Current Mapping Platform and Network Status: Online
Incident Report - Service disruption event June 12th, 13th, and 14th.
Our Data Center (DC) team working closely with Dell engineers determined that the source of the platform degradation was caused by a bug in the Dell Hardware. This bug caused the SAN (Storage Area Network) to have a hard shutdown causing the database to become corrupted. In addition, Dell’s RAID system architecture is expected to provide failsafe for database corruption; when one disk gets corrupted, the other disk provides access to clean data. Unfortunately, the RAID system was subject to the same bug in Dell’s firmware causing it not to work properly. We do have online replication at another data center for DR (Disaster Recovery) purposes which covers us in the event one data center is down. However, online replication is not designed to cover database corruption, because the corrupt database will invariably get copied to both data centers. As noted, the RAID is supposed to cover database corruptions but the RAID did not work because of the bug in Dell’s SAN. The only way to bring the database live was through a manual back-up process. We were successful in getting the database online but this was time consuming because of the failure mentioned on the primary SAN. We are now aware of this bug in Dell’s firmware. Dell has provided us a way to avoid triggering this bug creating a similar situation in future.
Notably, this is an extremely rare hardware level event. Dell’s SANs are usually quite reliable and they are provided to and utilized by a large number of F500 companies. We are confident that this will not occur again. We apologize for this service interruption and any disruption it has caused on your business. Our technical team strives to provide a world-class service and we take any service interruptions seriously.

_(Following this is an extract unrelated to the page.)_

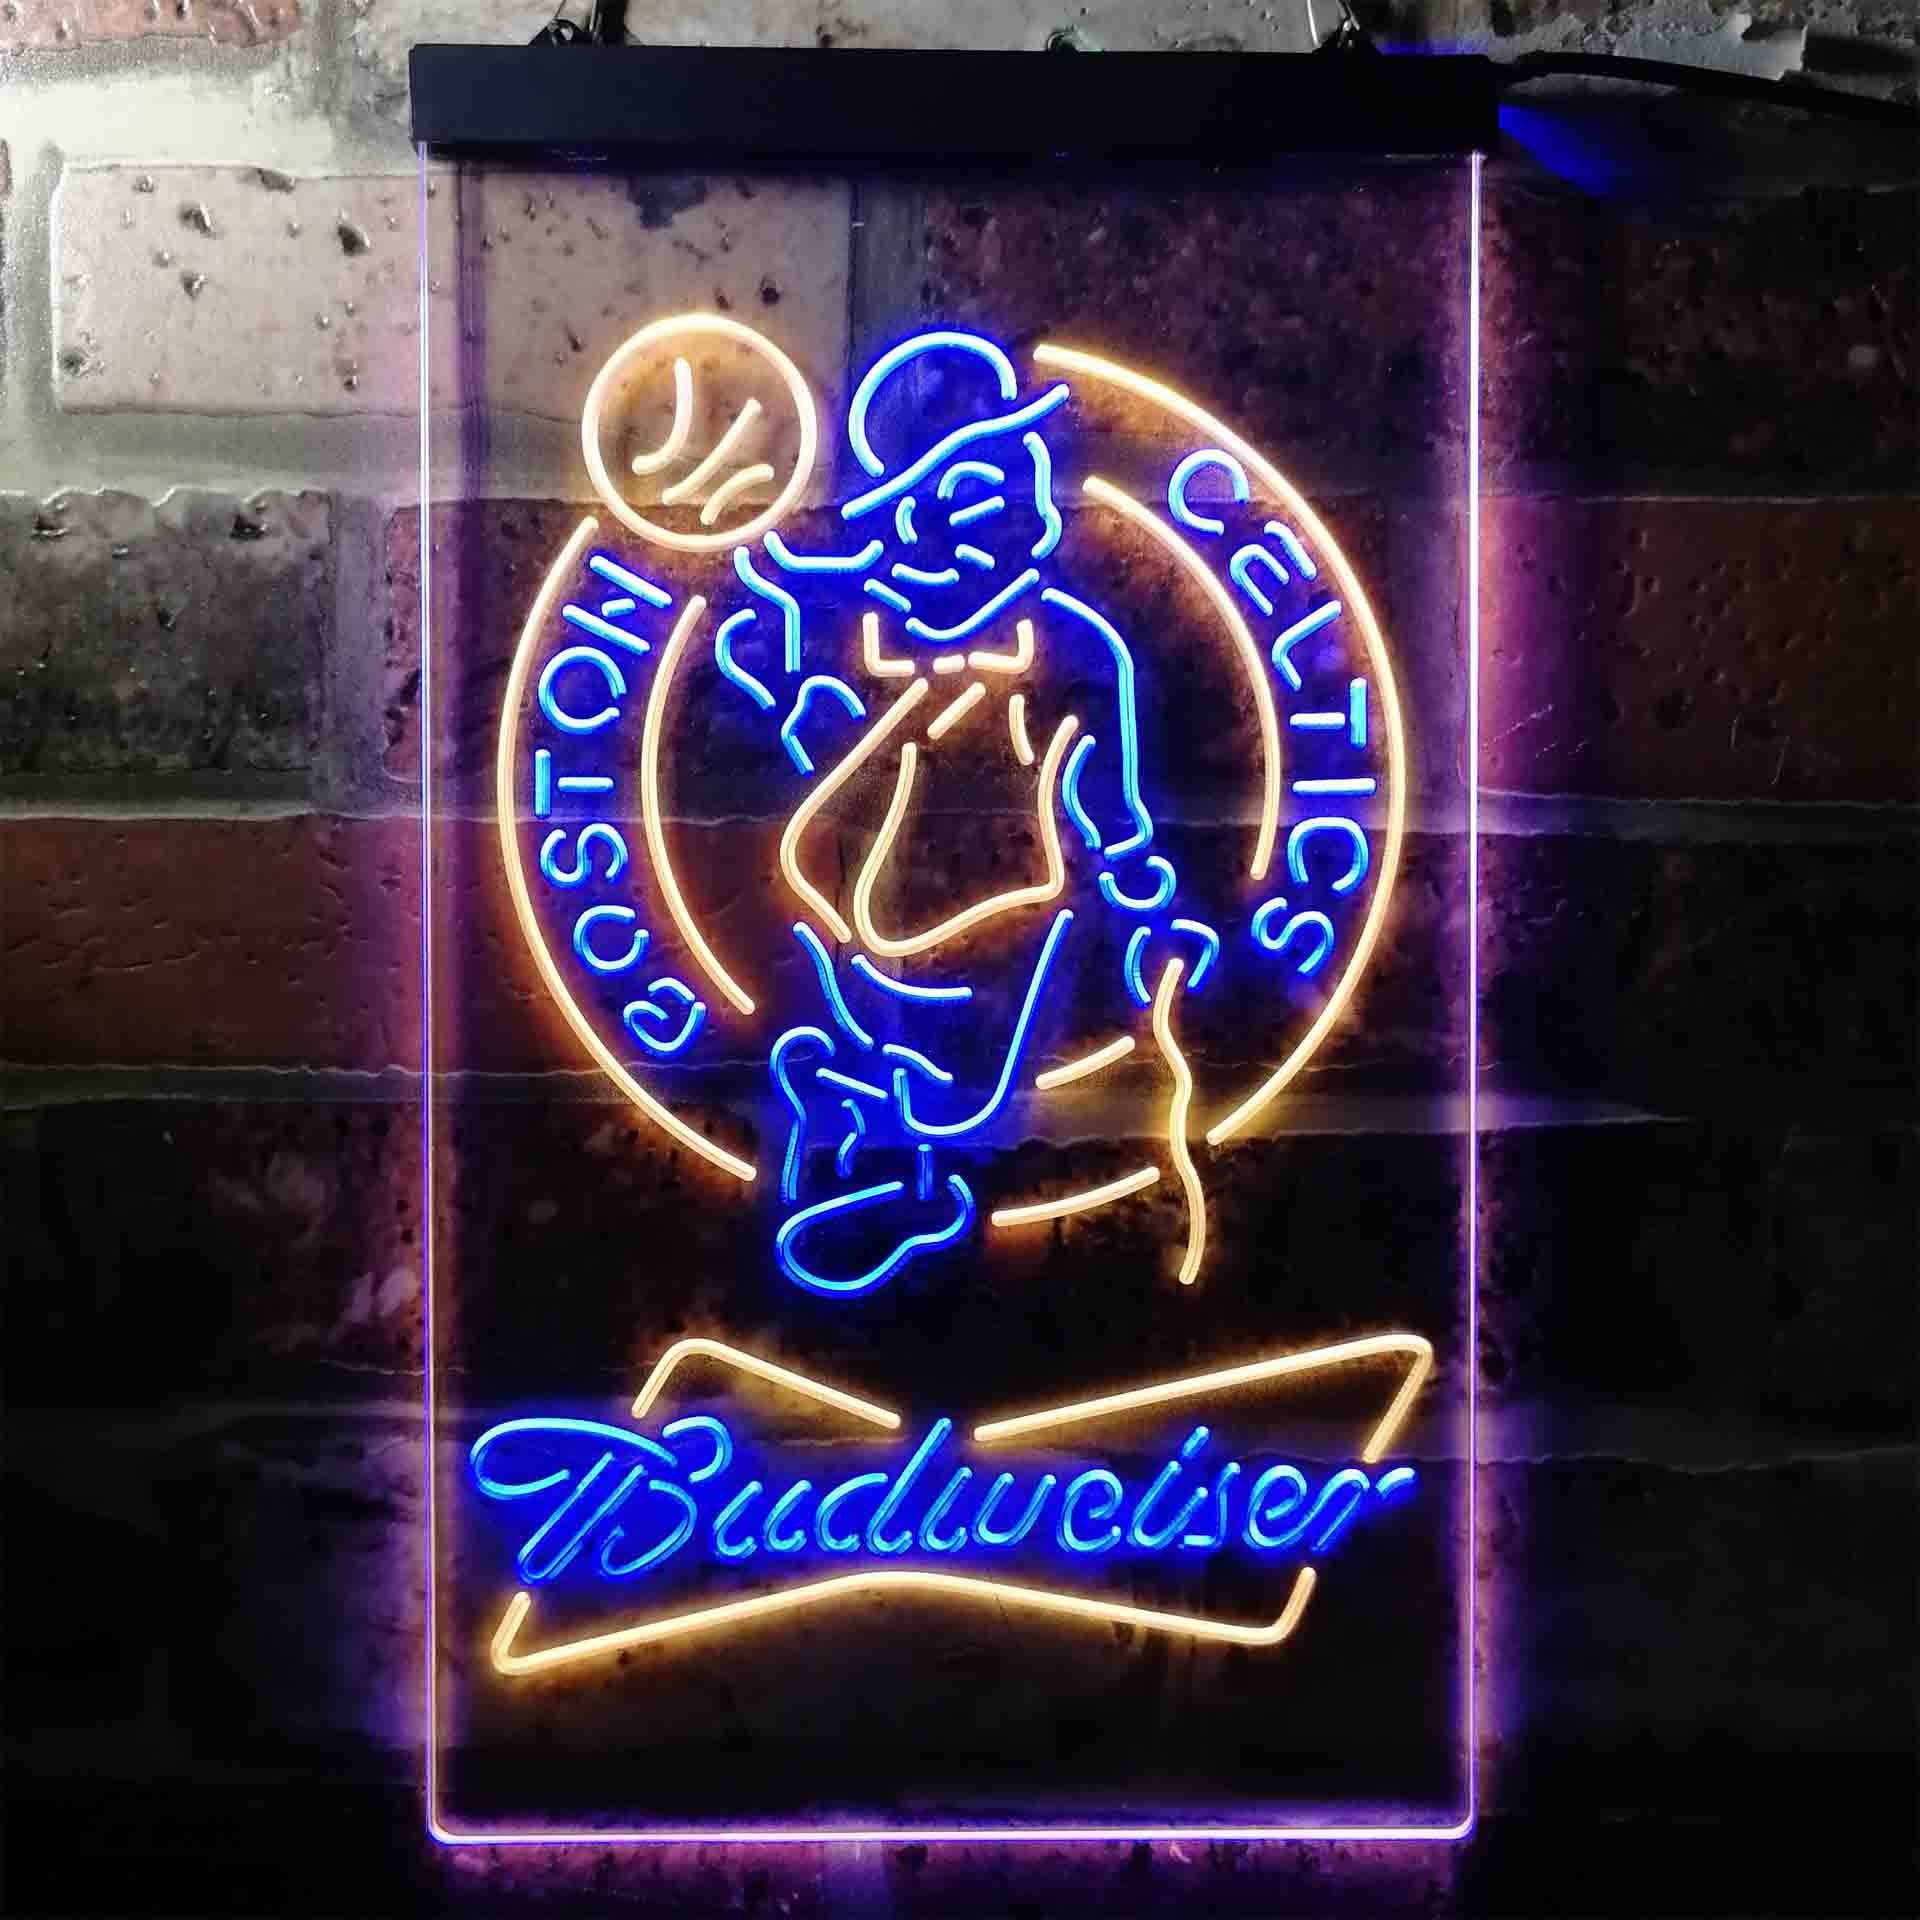 Boston Celtics Budweisers LED Neon Sign

- At approximately 08:15 AM EDT on June 12, 2020 DC engineers responded to alerts generated by our internal monitoring systems indicating platform performance problems. Given the unusual behavior the platform was exhibiting, fix agents from network engineering, development and database administration teams joined the troubleshooting efforts within minutes of problem detection.
- By approximately 10:15 AM, the team determined the source of the platform degradation was the primary SAN (Storage Area Network) where the Position Logic platform databases are stored.
- After verification of the problem source, system engineers followed standard troubleshooting work instructions by initiating a failover to secondary (backup) controllers on the SAN. Additionally, DC engineers contacted the SAN Vendor and Dell for additional support with the issue. After successfully failing over the controllers of the first four nodes in the SAN, the failover process on the fifth node failed and the SAN experienced an unclean shutdown.
- Dell would later confirm that a known issue in the firmware that was running on the SAN could cause the controllers to unexpectedly shutdown or hard reset if the management port of the controller is not enabled, which it was not at the time the failover was attempted. After attempting to bring the SAN online following the shutdown, Dell engineers performed routine diagnostics on the system that indicated there were lost blocks on several volumes.
- After Dell engineers determined that the storage systems had suffered a hard shutdown and lost blocks, recovery of the SAN became much more challenging as multiple patches had to be applied to the controllers, one by one, until the SAN would be in a state where a repair attempt could be made. As this SAN recovery process was started, a disaster was declared and DC engineers started recovery procedures in the backup data center.
- Scattered database corruption that was present on the primary storage systems also replicated to the secondary Dell SAN in the backup data center. Engineers attempted repairs of the corrupted data but eventually we were forced to initiate our second data recovery contingency, which is to restore any corrupted databases from the latest backup. Given the complexity and scale of an all-client impact event, these database restorations took longer than anticipated.
- By 19:11 on June 12, the primary SAN was back online and many client platform services were restored.
- Restoration of the remaining client databases with known corruption continued throughout the weekend and was completed by 3PM on Sunday June 14.
- Our team and our DC team continually monitors stability in our system. In addition there will be additional maintenance checks over the next few days and weeks to make sure we maintain proper performance and stability of the platform service.